Tras haber analizado la economía de la comunidad
catalana en estos últimos treinta y ocho años, se ve que la conspiración de los
diferentes gestores ha dejado al descubierto que son incompetentes, poco
serios, que gastan más que lo que reciben, que despilfarran dinero a espuertas persiguiendo
una quimera. En política, con mayúsculas, se echa de menos los discursos
inteligentes. Lo habitual es que se hagan discursos populistas, que nada
aportan a la evolución de la inteligencia humana. En cuanto a las encuestas que
manejan los magos de la irrealidad, ¿se ha hecho hincapié en cuántas personas
con respuesta afirmativa tiene estudios universitarios, cuántos estudios
primarios, cuántos son capaces de realizar lectura comprensiva, cuántos
analfabetos funcionales, cuántos constituyen la raíz de la población autonómica
catalana? Sin hablar de los inmigrantes y sus descendientes, acogidos todos
ellos a ayudas sociales in aeternum
para sobrevivir. Y, por supuesto, sin tener en cuenta la pregunta sobre qué
idioma se habla prioritariamente en la calle, no en sus instituciones
autonómicas. Es posible que se los encuestadores se asustarían llevándose las
manos a la cabeza al tener que reconocer que el idioma Cervantes, castellano de
pura cepa, es conocido y reconocido mundialmente, idioma que, por su número de
hispanoparlantes, merece la pena invertir y recoger fritos, sin pérdidas.
Toda declaración de independencia es manifiestamente
eufórica hasta que, con el paso de los días, se transforma en la cruda realidad
de unos daños colaterales imprevistos que amargan la existencia, a ambas partes,
durante varias generaciones.
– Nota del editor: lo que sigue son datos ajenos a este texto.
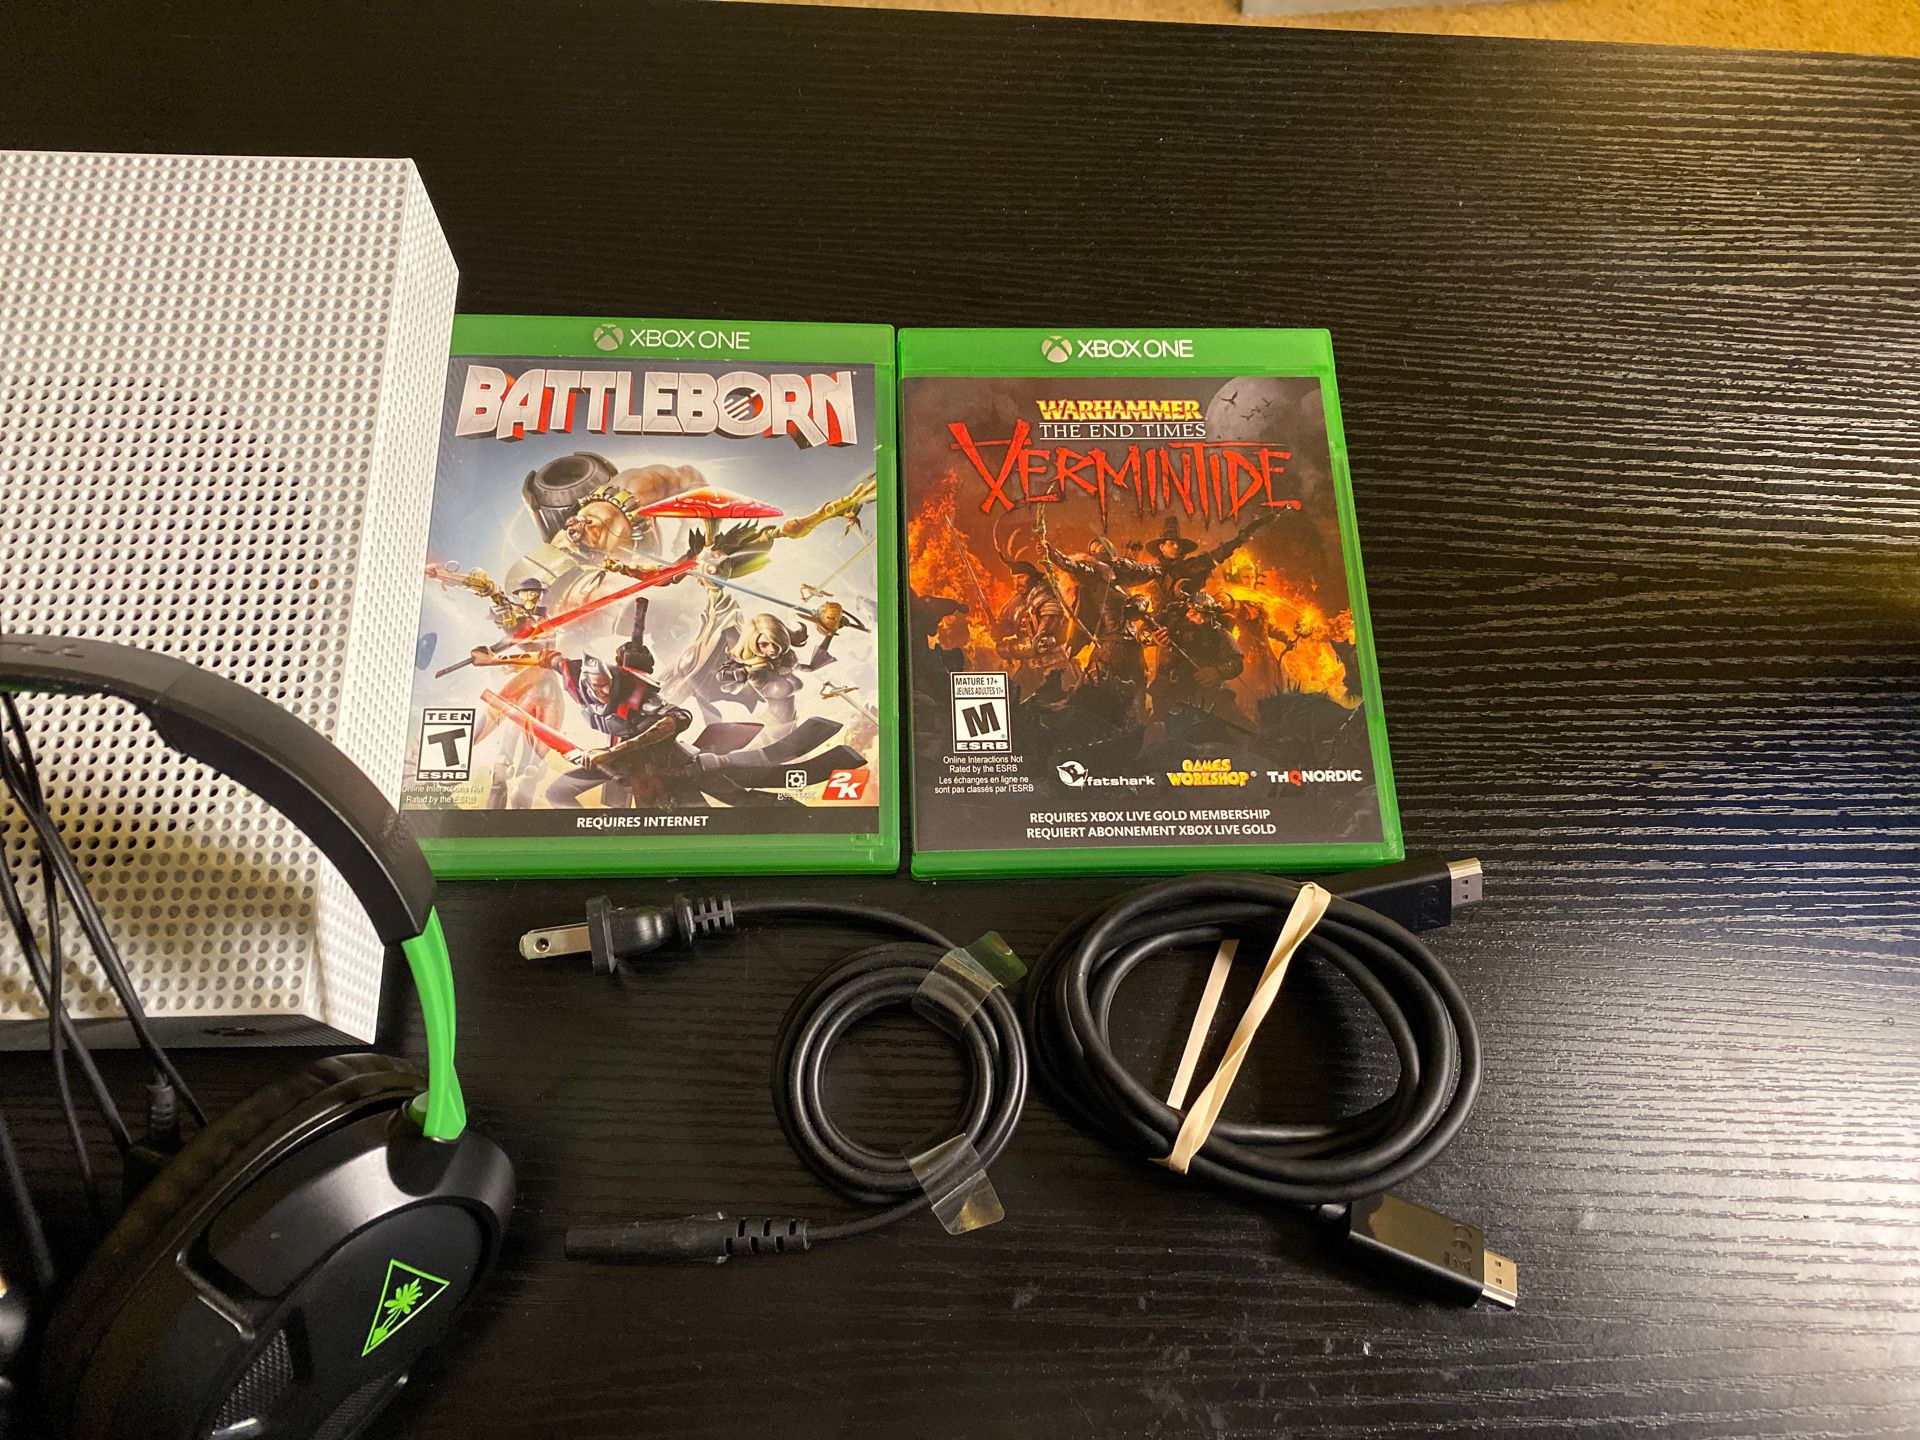 Xbox One S with Turtle beach headset and 2 games
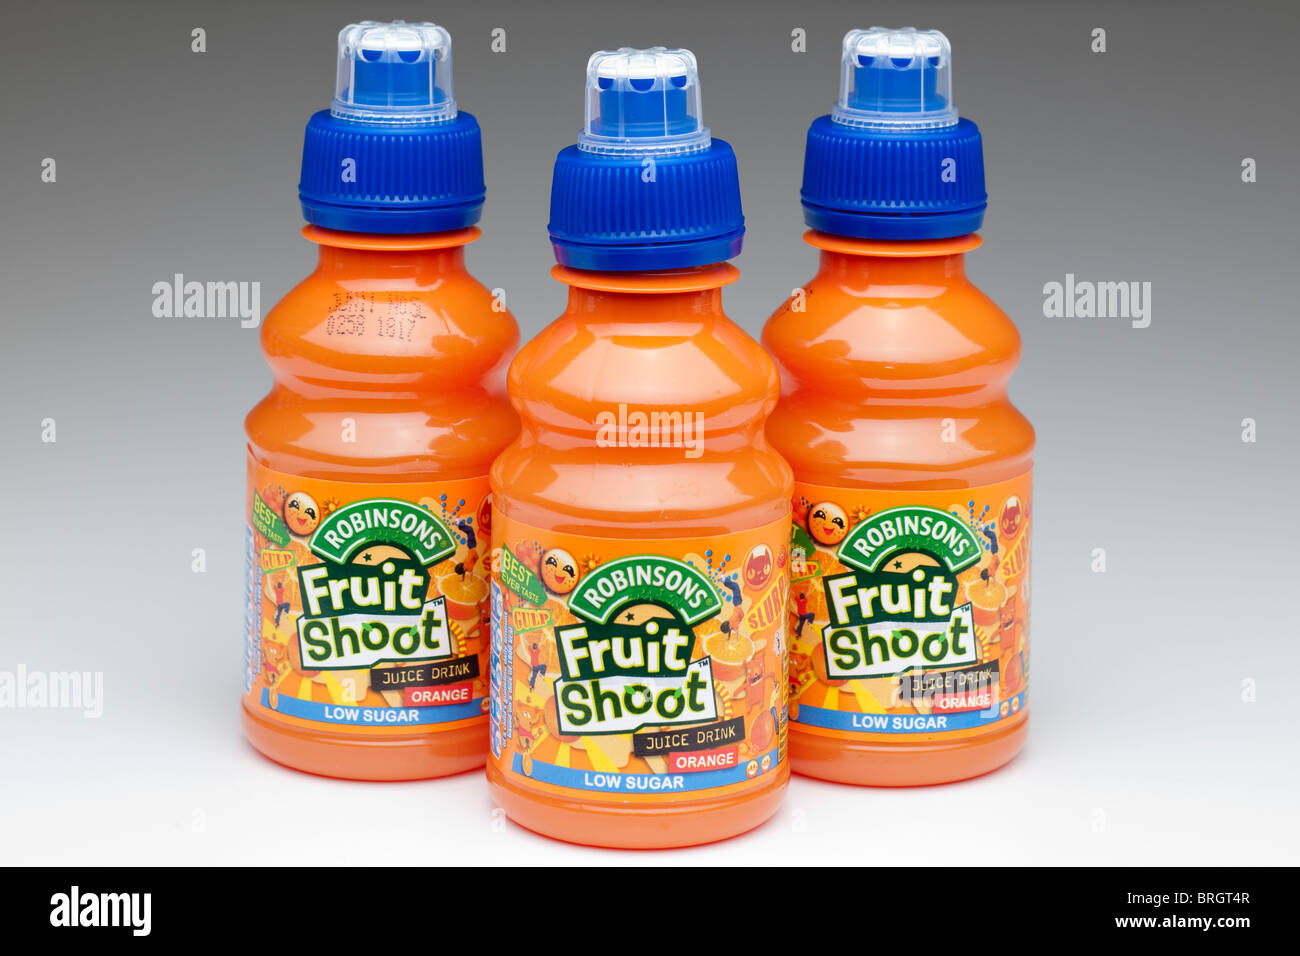 Three plastic bottles of Robinson's Fruit Shoot orange juice drink made from concentrate Stock Photo

Mal que les pese a ciertos políticos catalanes,
saltándose el articulado de la Carta Magna, no deben olvidar que aún está a
tiempo de ejercer como tal el Gobierno central, está tardando mucho, hasta
ahora en el límite de convertirse en compañero de viaje, hasta ahora indeciso
en la aplicación de la Ley, lo que muestra un desgaste innecesario, un desmerecimiento
institucional y, por último, que el Ejército español, así lo dice la
Constitución en su artículo 8º, aún no ha dicho la última palabra, como garante
de la unidad territorial del reino de España.